A previous thread discussing changes to the laws in Michigan.

http://www.martialtalk.com/forum/showthread.php?t=36837&highlight=Michigan+Self-Defense+Reform


----------



## Darth F.Takeda (May 6, 2007)

I think it should go a step further, I feel you have a duty, as a trained fighter, to stand up to a Thug, and if you have to, kill him.

If not you, then the next person he comes atrmight be less able than you to protect themselves.

The sword that purifies, so to speak.

I feel sorry for those in States, where the Lawyers have decided what constitutes appropriate force, it's B.S. appropriate force is what ever needs to be done to end all hostilities, cold, and if putting a bullet in his face is what it takes, thats it. I decide, not some jerk in a suit, who probably grew up in a social class that never had to fight for survival or dignaty, telling me, someone who lived amongst crackheads, and bangers, and has trained in MA most of his life, what's appropriate in a fight.
I say if it is life or death, be sure to kill the other guy. maimed he can sue you for millions,dead, he's worth 1-2 million tops, you just declair Bankruptcy. The legal issues are another thing, but the civil ends up beiong the real problem in these kind of things.

My Sensei was a cop, whoshot a punk in the line of duty, and he spent alot of time in cival court, and it was a clean shooting, in the line of duty.


----------



## tellner (May 6, 2007)

Darth F.Takeda said:


> I think it should go a step further, I feel you have a duty, as a trained fighter, to stand up to a Thug, and if you have to, kill him.
> 
> If not you, then the next person he comes atrmight be less able than you to protect themselves.
> 
> The sword that purifies, so to speak.



Let me know when you put this into practice. I will send you a couple supportive letters care of the penitentiary and a batch of cookies or tube of Astroglide, your choice.

I'm not an attorney or a police officer, and you'd be crazy to come to me for legal advice. But here's how it is. 

You have the right to defend yourself or an innocent third party from "the immediate and otherwise unavoidable danger of death or serious bodily injury." If the only way you can stay safe from deadly force is to use deadly force yourself, the law in most of the world permits it. 

What you do not have is the right to beat up, shoot, stab, or even touch someone unless he poses such a threat. You have no duty to kill anyone. You're not in the Army. You're not a police officer. You're just a regular citizen. You also can't hurt someone for what he might do later. If you do that, you're as much of a thug as he is, if not more so. The State can kill someone, certainly. But it has to give him a trial, a lawyer, appeals, the protections of the Law and prove beyond a reasonable doubt that he has done something so heinous that nothing else will do.
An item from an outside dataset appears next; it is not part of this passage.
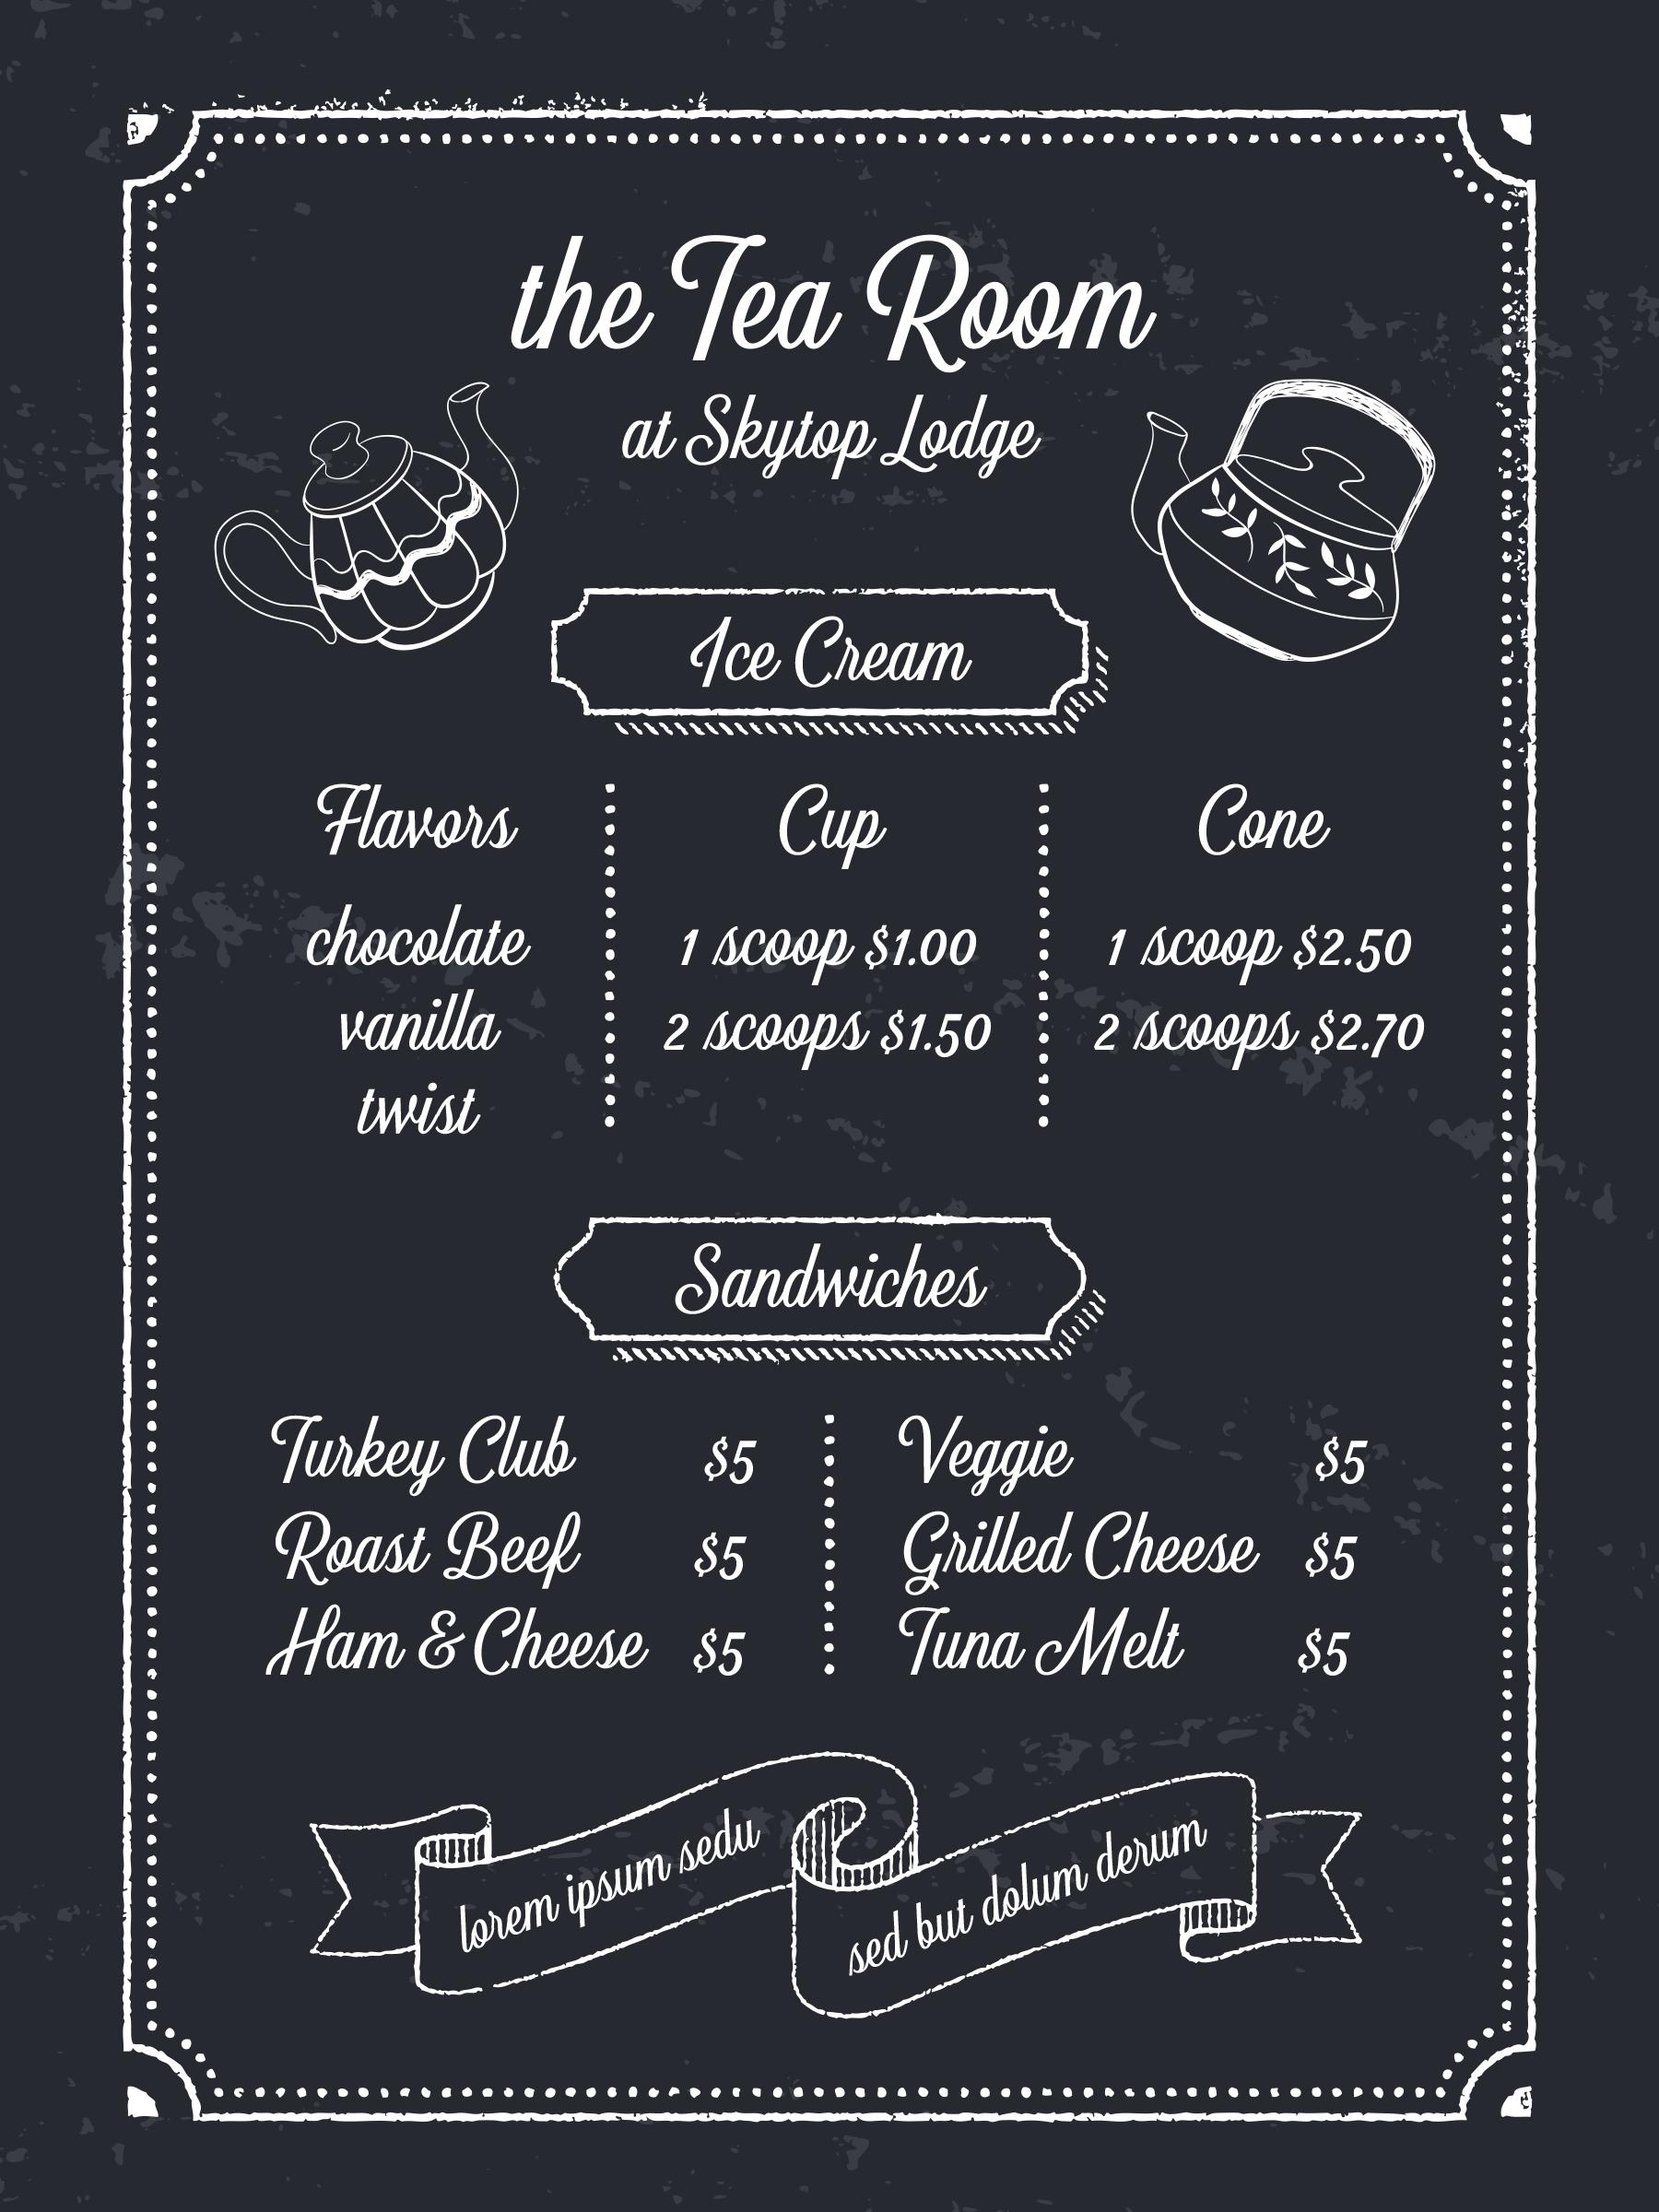 tearoom-menu.jpg
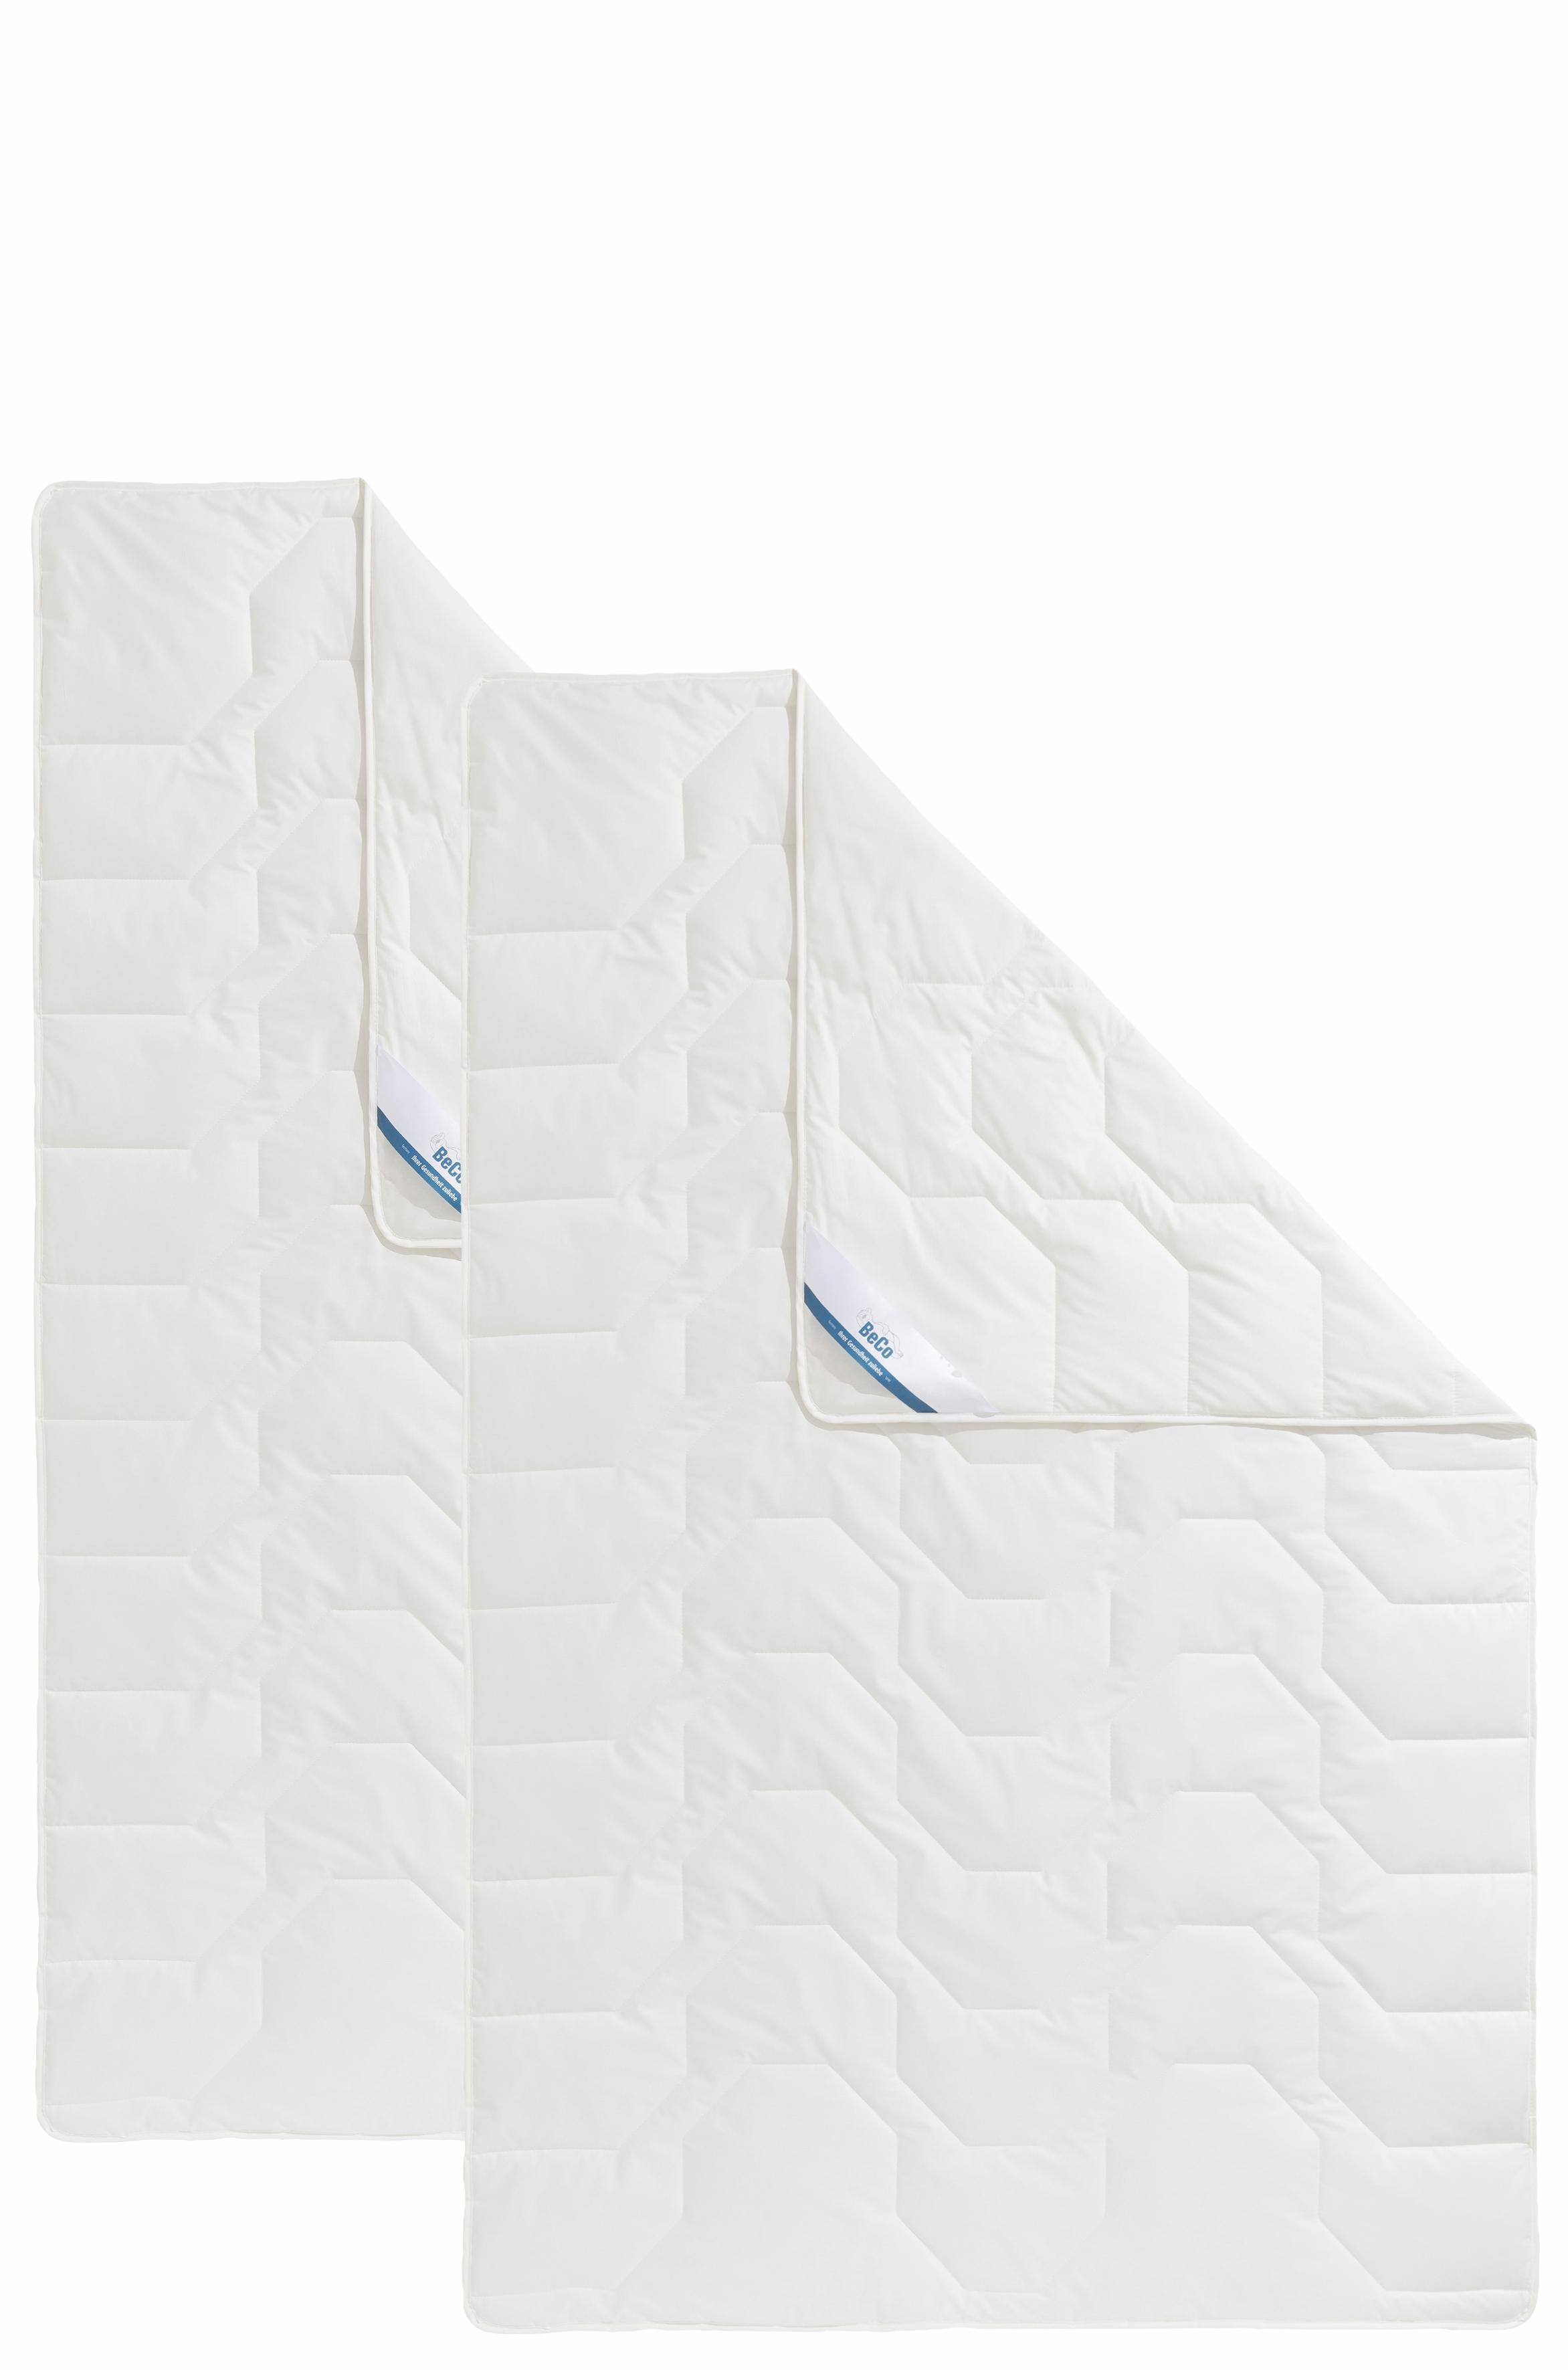 Bettdecke, »TENCEL® KbA«, BeCo, Leicht, inklusiv Leichtdecke gratis, nachhaltige Materialien

You don't have any right to kill someone just because you have gone to a dojo and have a cool-looking cotton belt in a dark color and have decided the world would be better off without a particular person. The words for that start with "delusional" and end with "murderer".



> I feel sorry for those in States, where the Lawyers have decided what constitutes appropriate force, it's B.S. appropriate force is what ever needs to be done to end all hostilities, cold, and if putting a bullet in his face is what it takes, thats it. I decide, not some jerk in a suit, who probably grew up in a social class that never had to fight for survival or dignaty, telling me, someone who lived amongst crackheads, and bangers, and has trained in MA most of his life, what's appropriate in a fight.



Well kid, for your sake I sincerely how you're more show than go. This is  criminally irresponsible. You aren't G-d. You aren't the government. You aren't even a cop. You are a guy who has gone to a gym for a few years and has learned a little bit about how to fight. If you want to change the law, run for office. See if you can get a bunch of people to agree with you. 

You already have the right to use force or even kill someone if it's necessary to save your own life. You have no right whatso ****ing ever to cripple or kill someone for your "dignity". You have no right to decide that someone's life is worthless and that he deserves to die just because you think he should. All you have is the right to use legal means to defend yourself, not pee on the boundaries of your territory, not "clean up the 'hood", nothing but do what you have to to stay alive and in one piece.

Another piece of advice. If you ever do get in a situation which requires you to seriously jack someone up I suggest that you keep your mouth shut and let your lawyer talk to the police. The things you're saying here will get you in serious trouble if you say them to the officers.



> I say if it is life or death, be sure to kill the other guy. maimed he can sue you for millions,dead, he's worth 1-2 million tops, you just declair Bankruptcy. The legal issues are another thing, but the civil ends up beiong the real problem in these kind of things.


Good Lord Almighty. That has got to be one of the stupidest things I have ever heard. And I pray that you are full of hot air and don't actually believe this. If you kill someone just because you can or because it would cost you a little time and money to avoid killing him you are a sociopath, a danger to decent people everywhere and seriously messed up. I hope that when you finally do kill someone the prosecutor finds out you post here and uses this as evidence of your out of control violent nature. The case will be one of the easiest he or she has ever had to prosecute. You've just done the State's work for it.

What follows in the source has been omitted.